EXERCISE DATA:
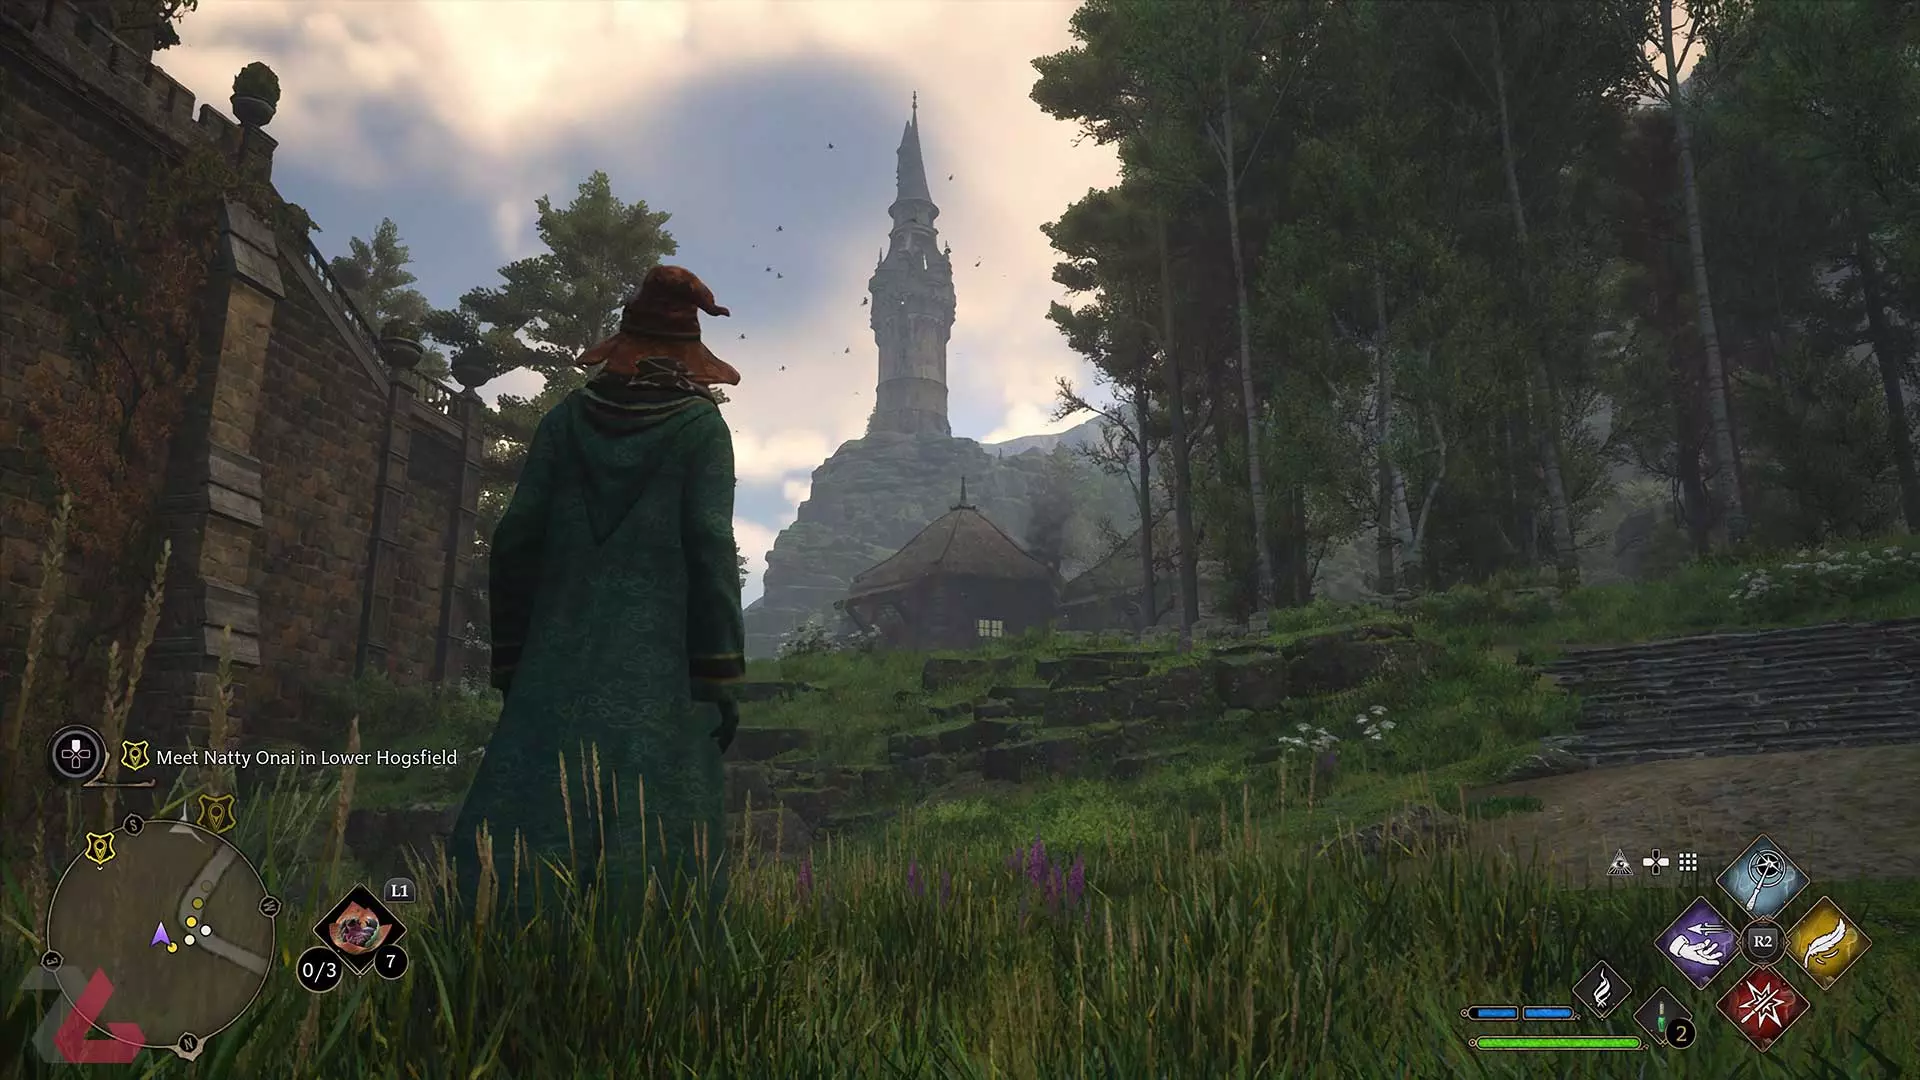 برج و محیط سرسبز در بازی Hogwarts Legacy، محصول استودیو آوالانچ سافتور
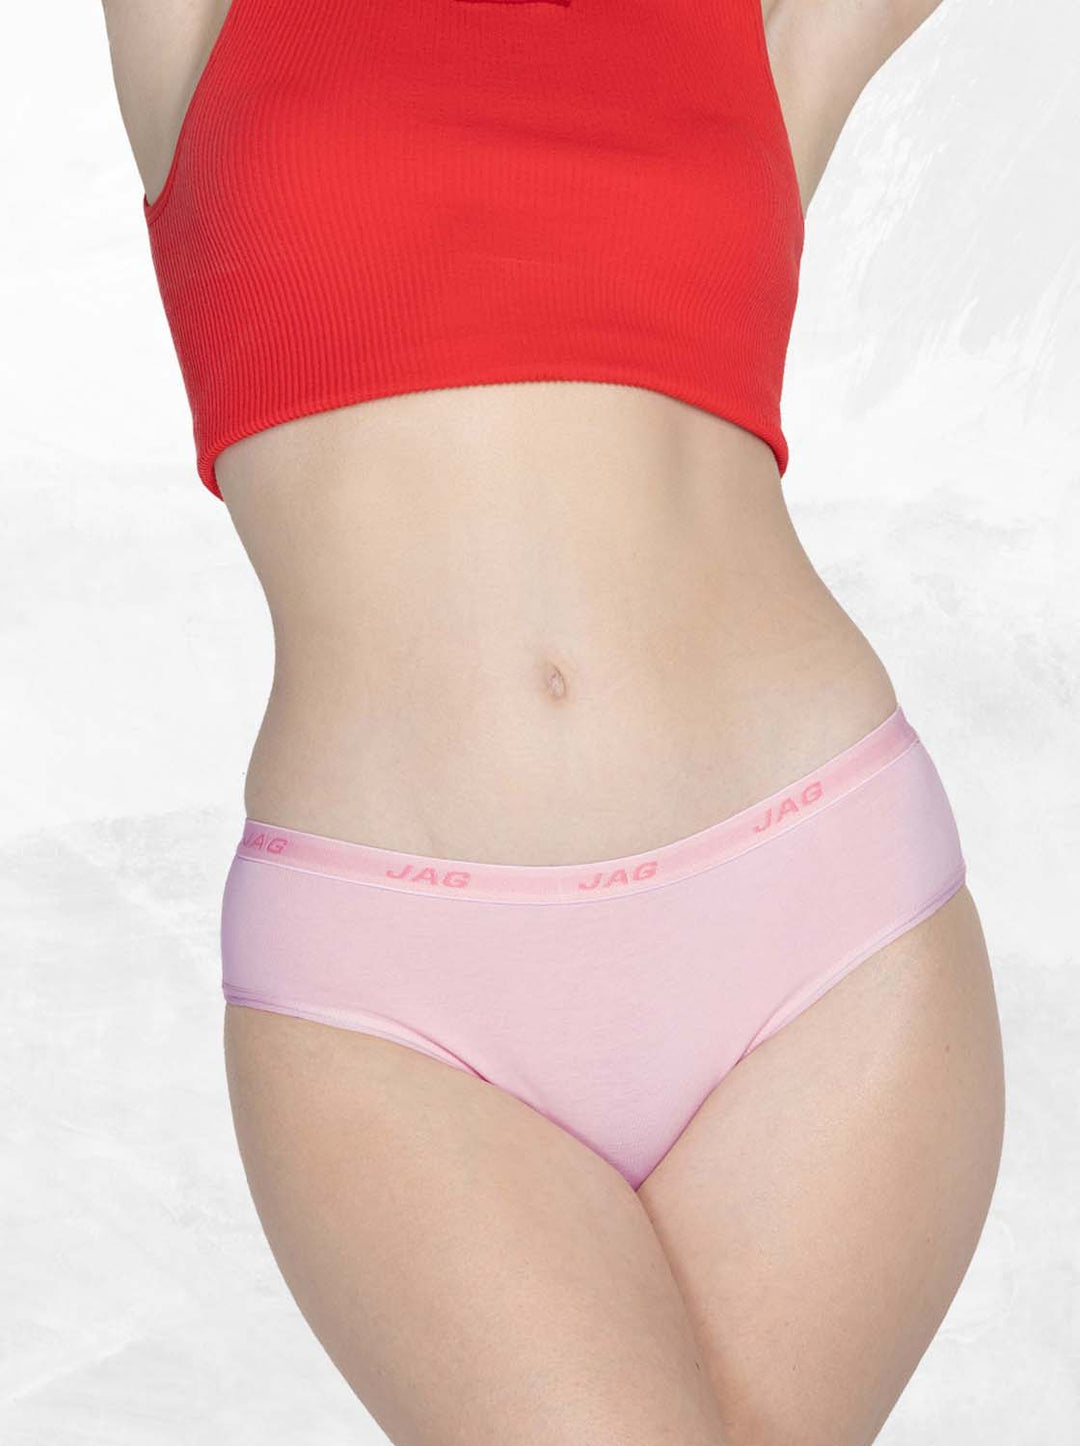 Jag Women's Underwear Cotton Stretch Bikini 3 in 1 in Assorted Colors
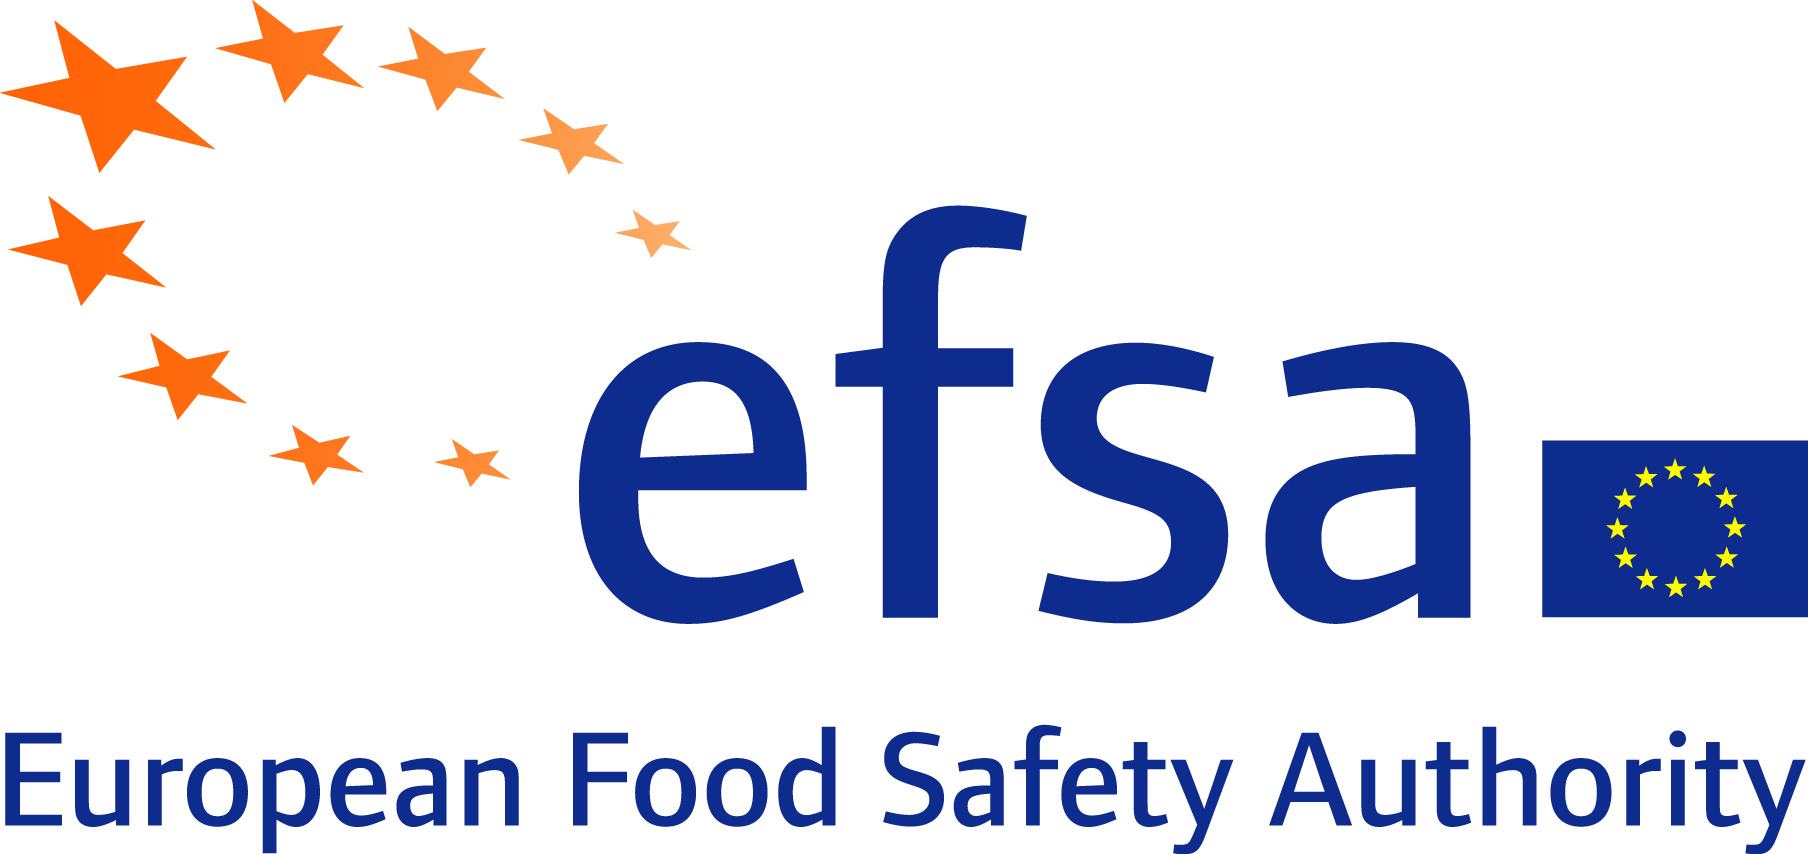 La Commissione UE cerca candidati per l'Autorità Europea per la Sicurezza Alimentare
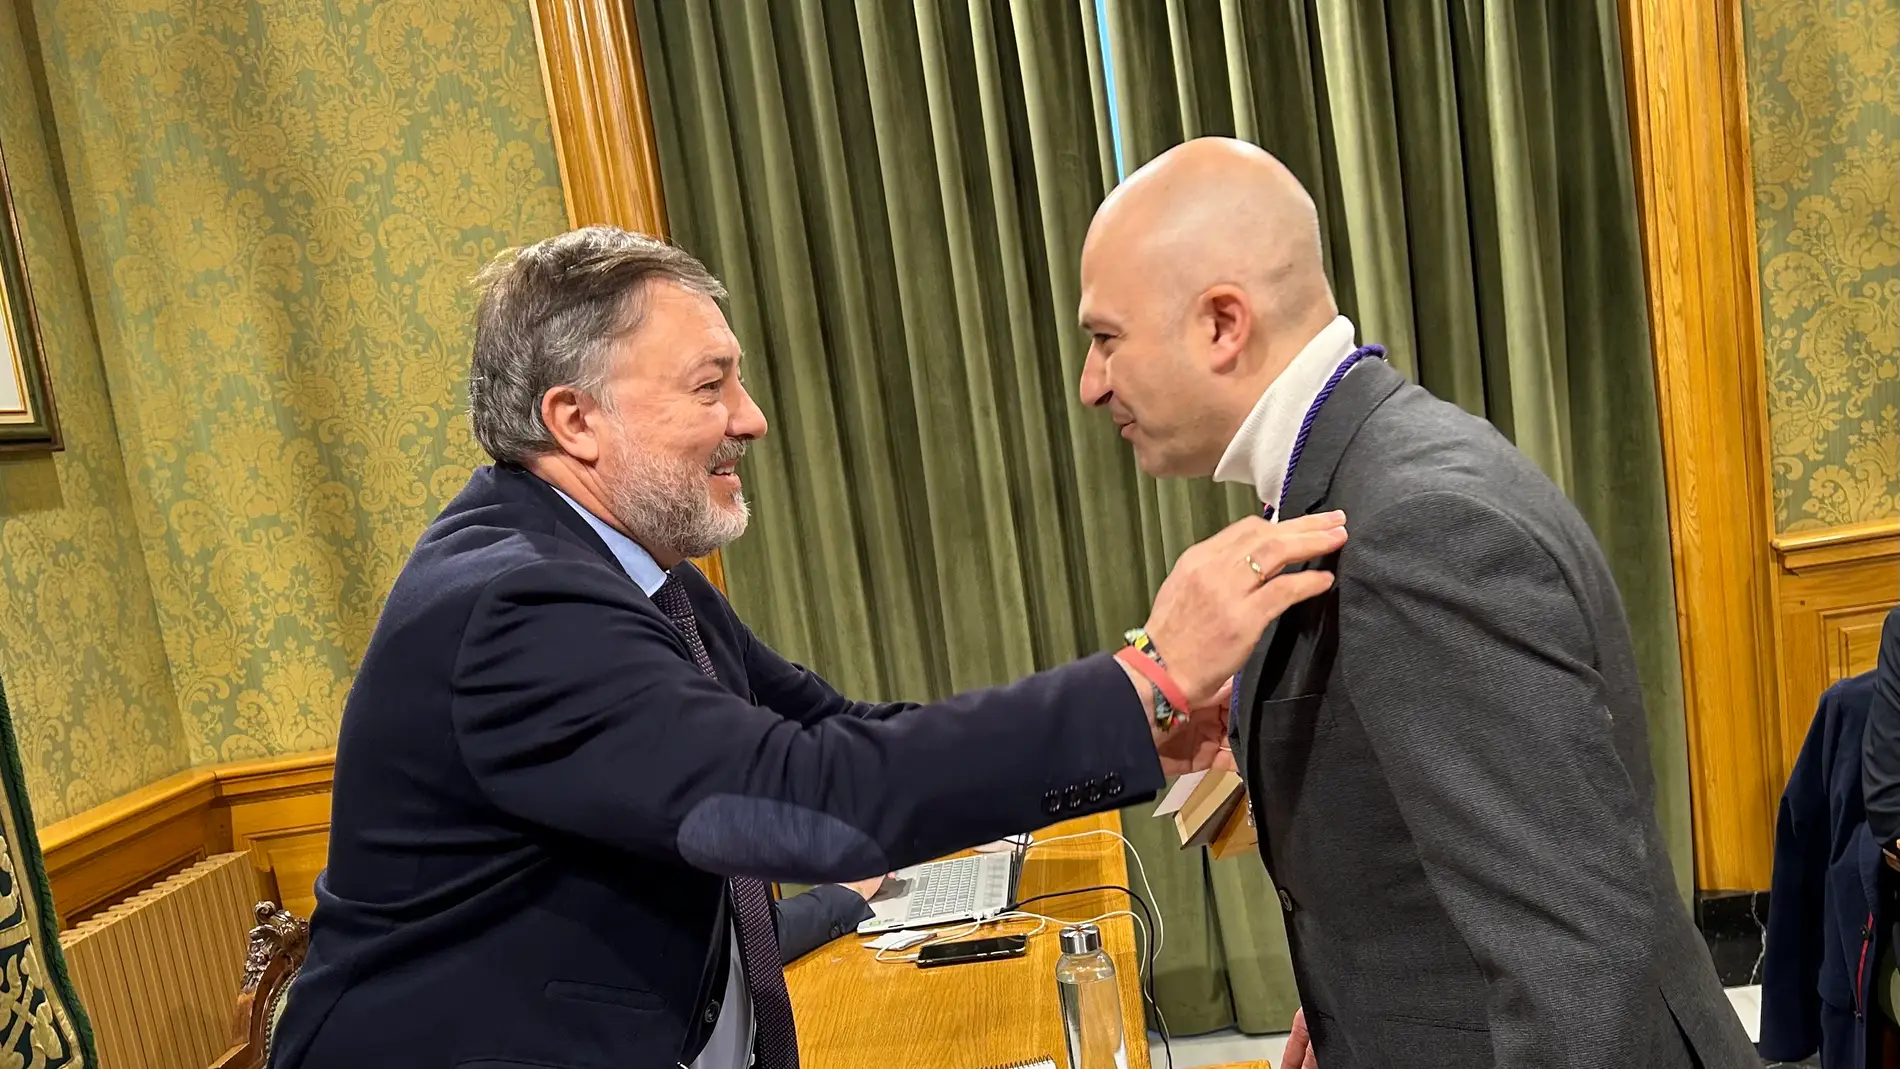 El nuevo concejal con el alcalde de Cuenca, Darío Dolz, quien le ha impuesto la medalla como edil

TASK GOAL: Write out the data precisely as given, excluding the pictures.

RESPONSE:
 برج و محیط سرسبز در بازی Hogwarts Legacy، محصول استودیو آوالانچ سافتور
 Jag Women's Underwear Cotton Stretch Bikini 3 in 1 in Assorted Colors
 La Commissione UE cerca candidati per l'Autorità Europea per la Sicurezza Alimentare
 El nuevo concejal con el alcalde de Cuenca, Darío Dolz, quien le ha impuesto la medalla como edil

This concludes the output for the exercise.